To the best of our knowledge, this study stands as the pioneering investigation into applying the DSP tool for sex estimation among the adult population of Romania. This unique endeavor fills a crucial gap in research, as previous studies in Romania have primarily relied on traditional techniques for sex estimation, overlooking the potential of modern imaging technologies like CT scans and the DSP tool. Despite the inherent limitations of our study’s relatively small sample size, our results demonstrate comparable accuracy and sex estimation rates to those observed in similar studies conducted across European populations. Building upon these initial findings, future research endeavors will prioritize including a more significant number of measurements per individual and a more extensive sample size to enhance the sex estimation and accuracy. Moreover, we recognize the importance of expanding the geographical scope of our study to encompass multiple regions within Romania. Such an expansion is vital for providing a more comprehensive understanding of the applicability and generalizability of the DSP method across the diverse population demographics present within the country.
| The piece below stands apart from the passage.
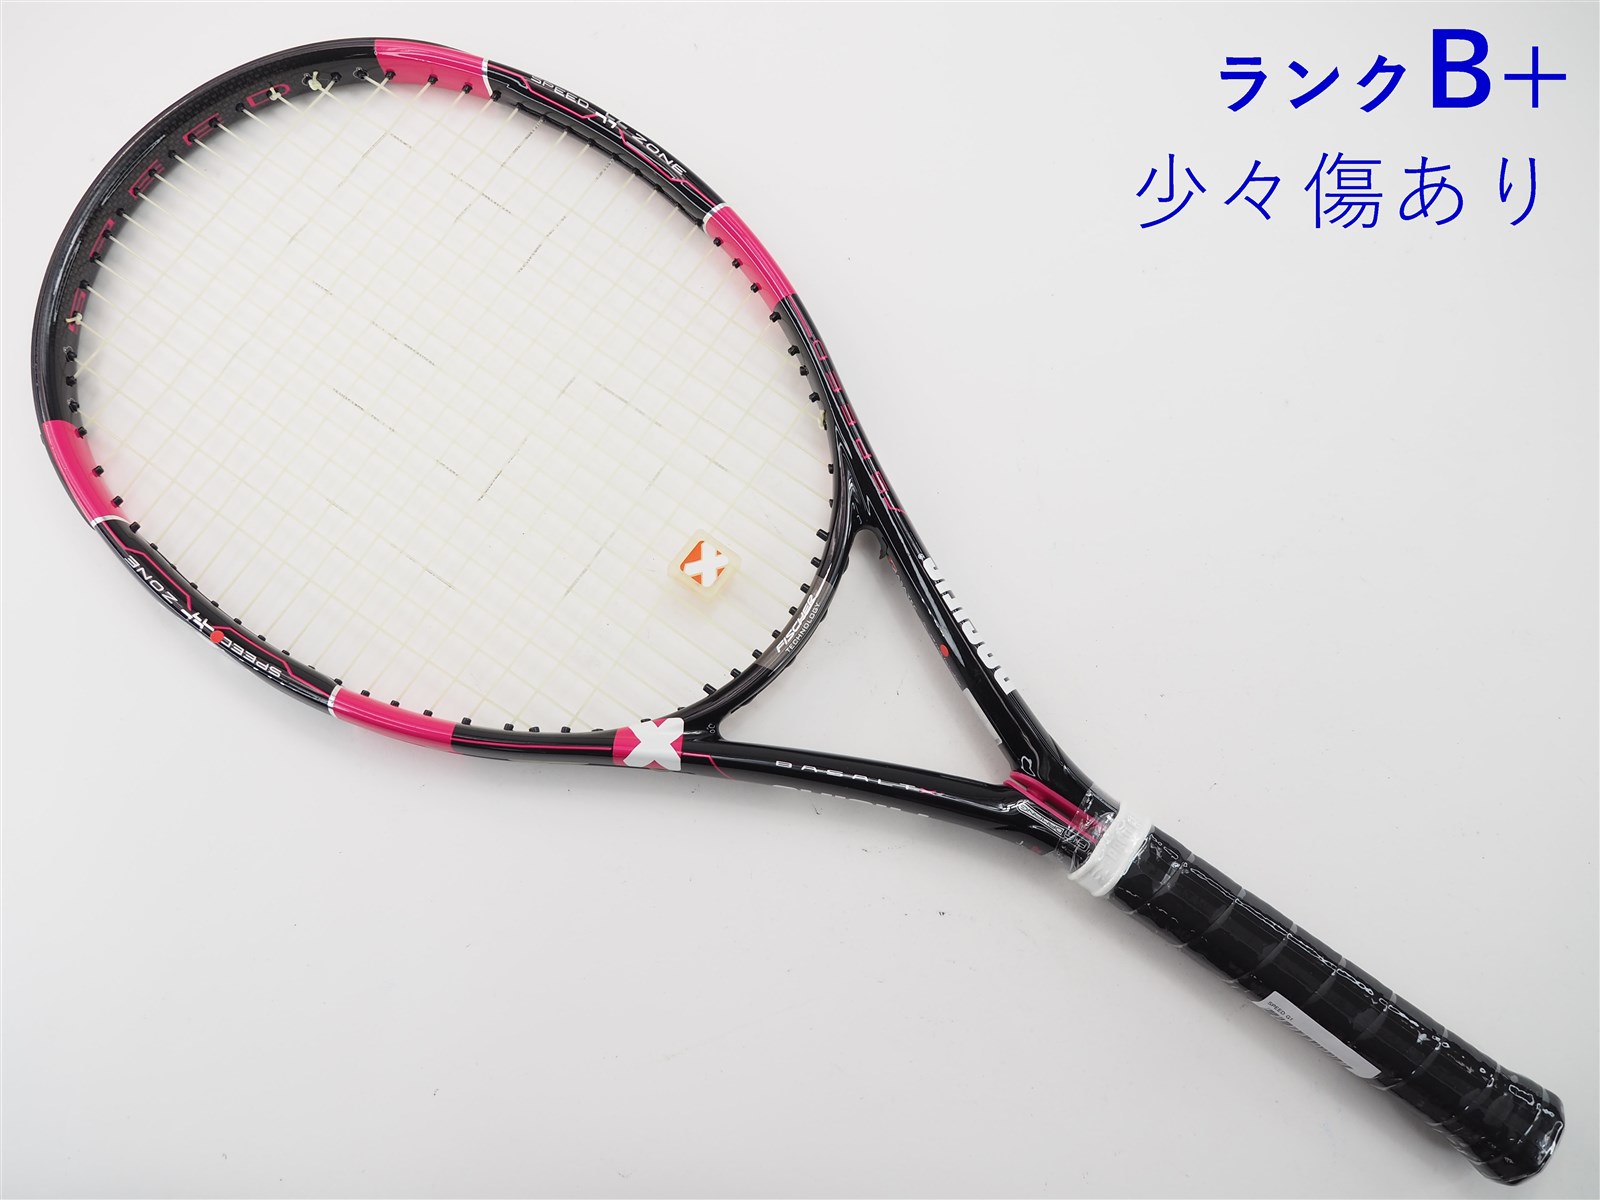 テニスラケット パシフィック スピード (G2)PACIFIC SPEED | mituti.com.br

By incorporating data from various regions, we can ensure the robustness and reliability of the DSP tool for sex estimation in the context of the contemporary Romanian population.
5. Conclusions
In conclusion, this research evaluated the utility of the DSP method for sex estimation within the contemporary Romanian population, utilizing a sample of CT scans. Despite encountering undetermined specimens, the overall accuracy rate of sex estimation remained impressively high at 98.24%, highlighting the effectiveness of DSP software in this forensic application. Notably, all female specimens that could be estimated were correctly classified, achieving an accuracy rate of 100%. In contrast, for males, the accuracy rate was slightly lower at 95.65%, still demonstrating high reliability in sex identification. Even in the presence of undetermined cases, the minimal occurrence of misclassification further solidifies the robustness of DSP software in sex identification. These findings highlight the importance of accuracy in forensic sex estimation, particularly in legal and investigative contexts where precision is crucial. As such, the study underscores the confidence with which the DSP method can be employed in practical applications, contributing significantly to the advancement of forensic and anthropological research within Romania and beyond. Even though sex estimation was possible in 71.25% of cases overall, these results reaffirm the method’s efficacy and robustness, particularly when leveraging measurements derived from CT imaging. When dealing with unidentified remains and attempting to estimate sex as part of the biological profile, the DSP method is recommended, if not the only method to be used, at least as a preliminary or adjuvantly accurate technique for sex estimation in forensic anthropology.